KABUL, Afghanistan — As thousands of people gathered Sunday to bury a woman who was beaten and burned by an angry mob, Afghan officials said they found no proof that she had burned pages of the Quran as her assailants had claimed.

“We have reviewed all the evidence and have been unable to find any single iota of evidence to support claims that she had burned a Quran,” Gen. Mohammad Zahir, head of the Interior Ministry’s criminal investigation directorate, said at the woman’s funeral.
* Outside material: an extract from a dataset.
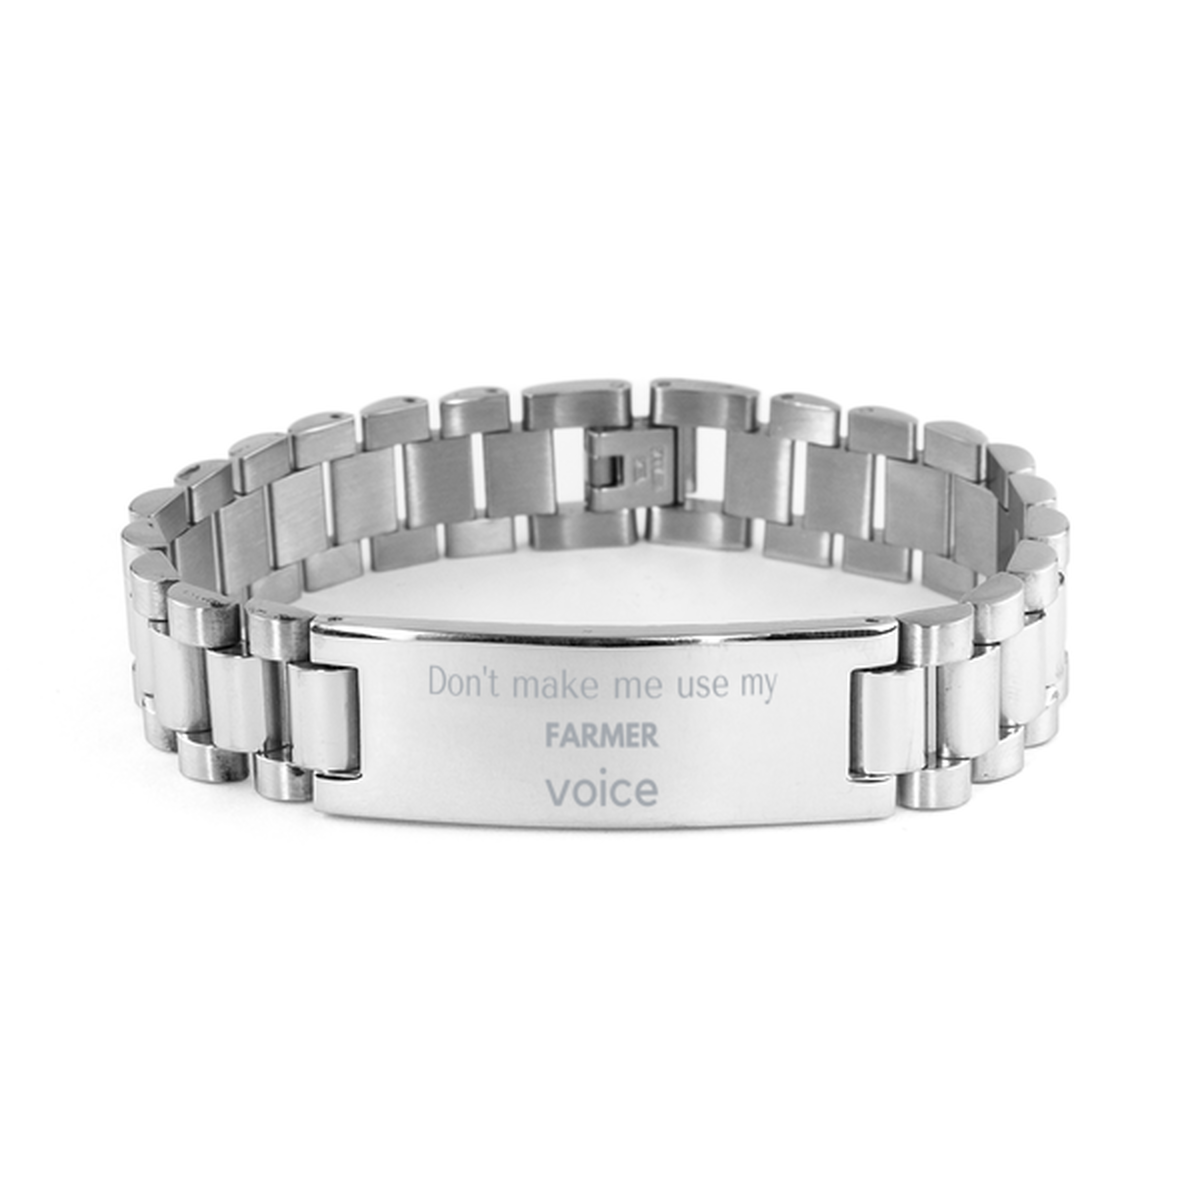 Don't make me use my Farmer voice, Sarcasm Farmer Gifts, Christmas Farmer Ladder Stainless Steel Bracelet Birthday Unique Gifts For Farmer Coworkers, Men, Women, Colleague, Friends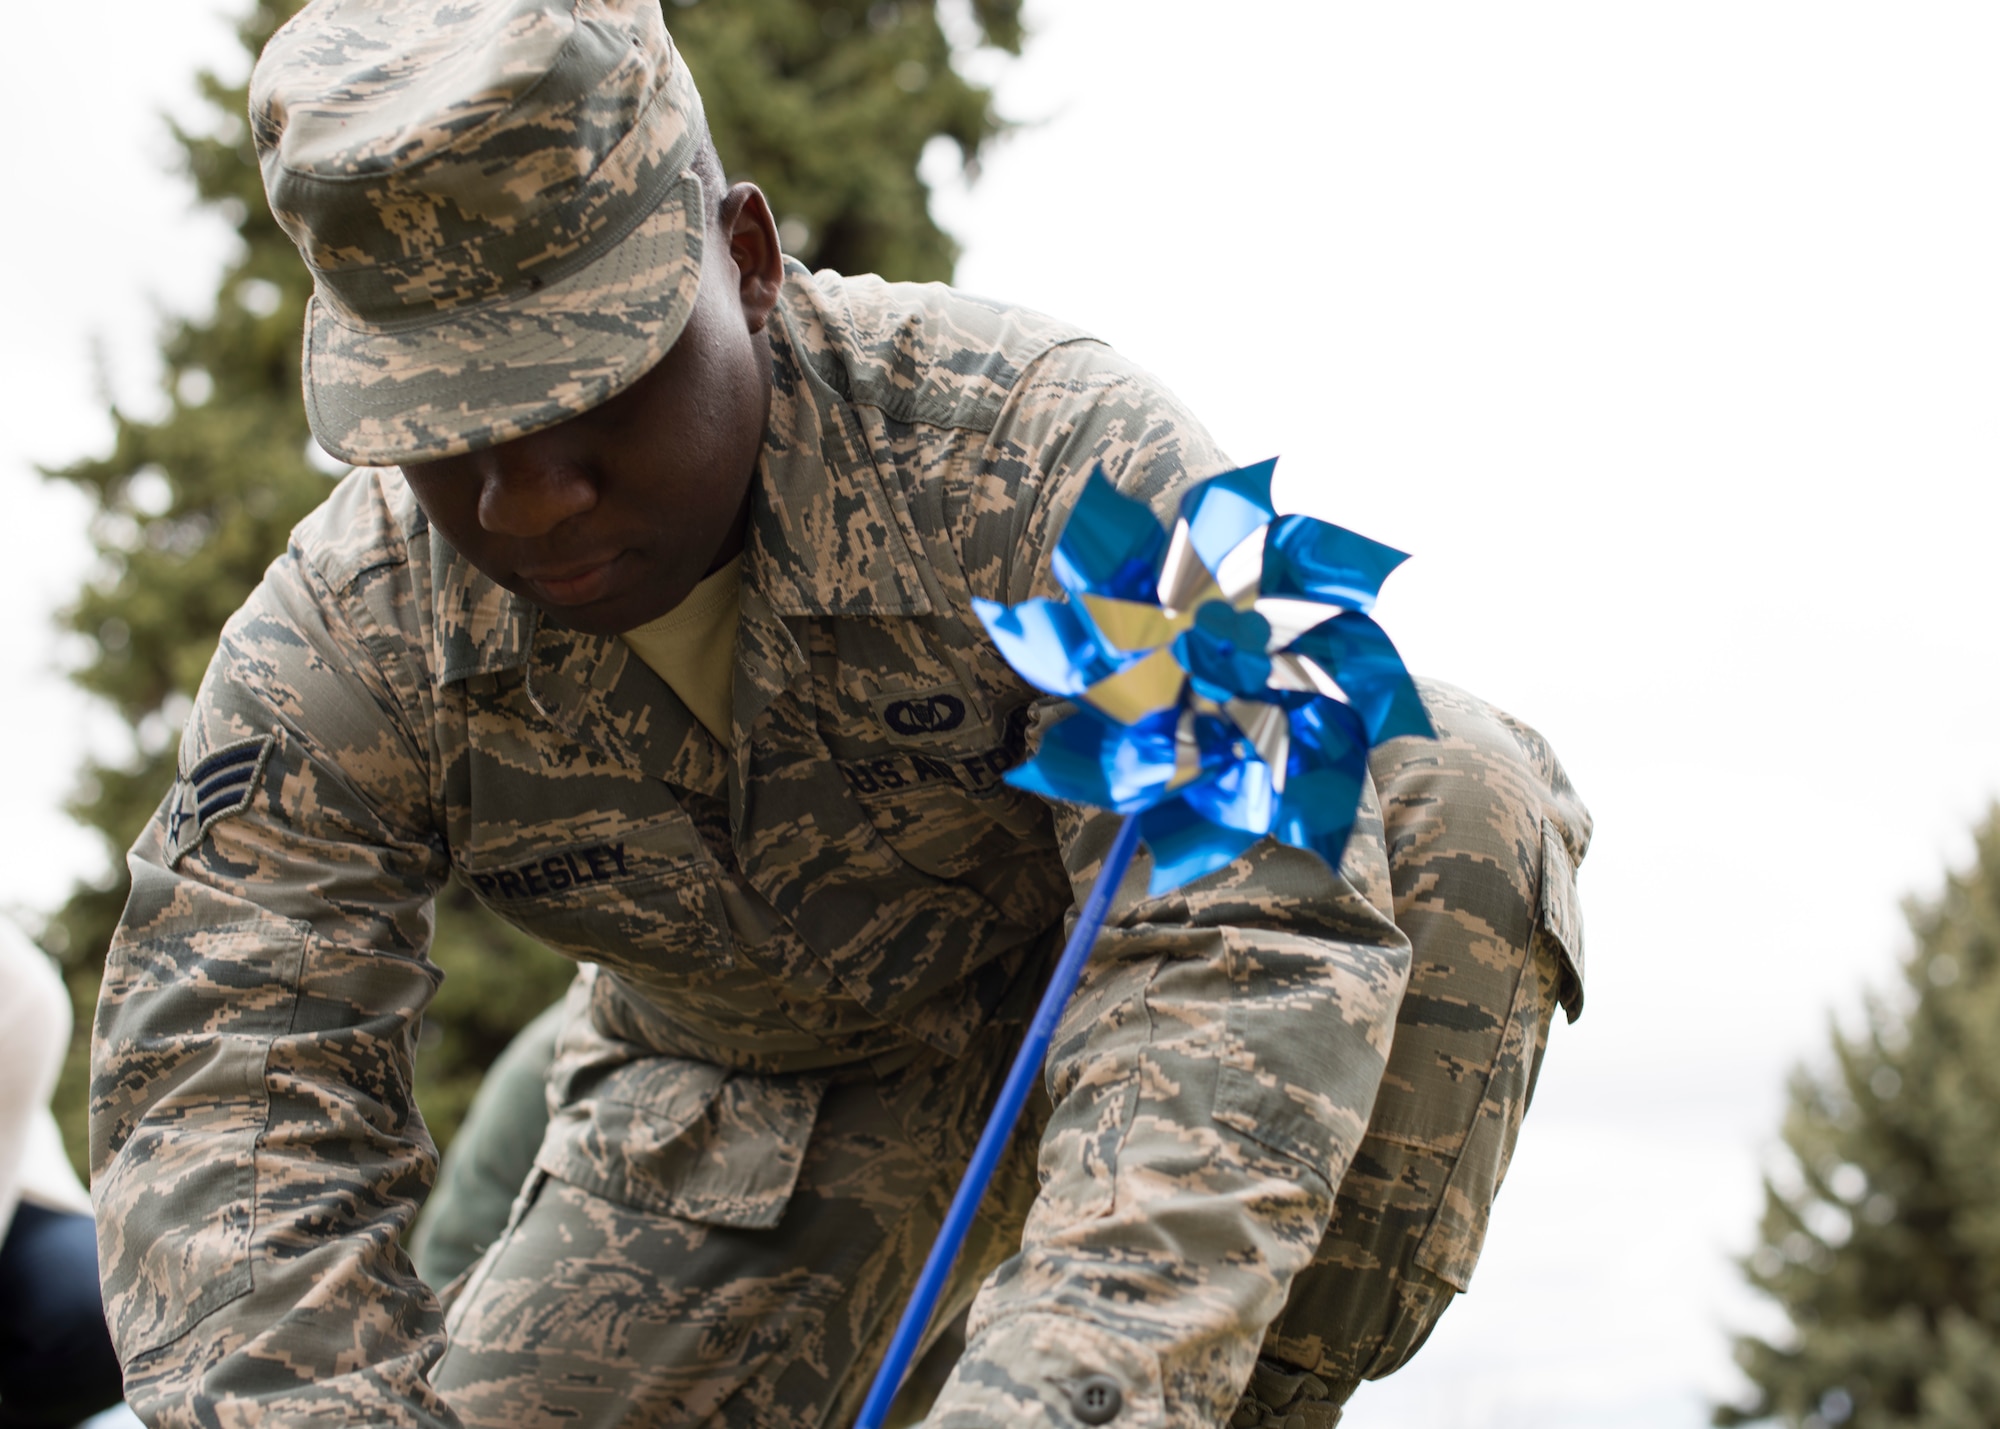 Senior Airman Davante Presley, 92nd Operation Support Squadron aviation resource manager, pins a pinwheel to the chapel lawn during a pinwheel ceremony in honor of Child Abuse Awareness Month at Fairchild Air Force Base, Washington, April 9, 2018. Research indicates children need a loving and supportive environment for a healthy childhood, a better chance of academic and financial success. (U.S. Air Force photo/Senior Airman Ryan Lackey)

“She is completely innocent.”

Zahir’s comments followed the results of an investigation by the Ministry of Hajj and Religious Affairs that said that charred papers found at the shrine where she was attacked Thursday were from a Persian-language prayer book – not the Quran, the Muslim scripture, which is written in Arabic.

The death of the 28-year-old woman, identified only by her first name, Farkhunda, sent shock waves across Afghanistan.

In a rare sight, Farkhunda’s coffin was carried to the grave site in north Kabul’s Khair Khana neighborhood by a dozen women, including some women’s rights activists, with men escorting them.

After police were criticized for not doing enough to control the mob of several hundred men who surrounded Farkhunda at the Shah-Do Shamshira shrine in Kabul last week, police officers accompanied the procession from the family’s home to the cemetery.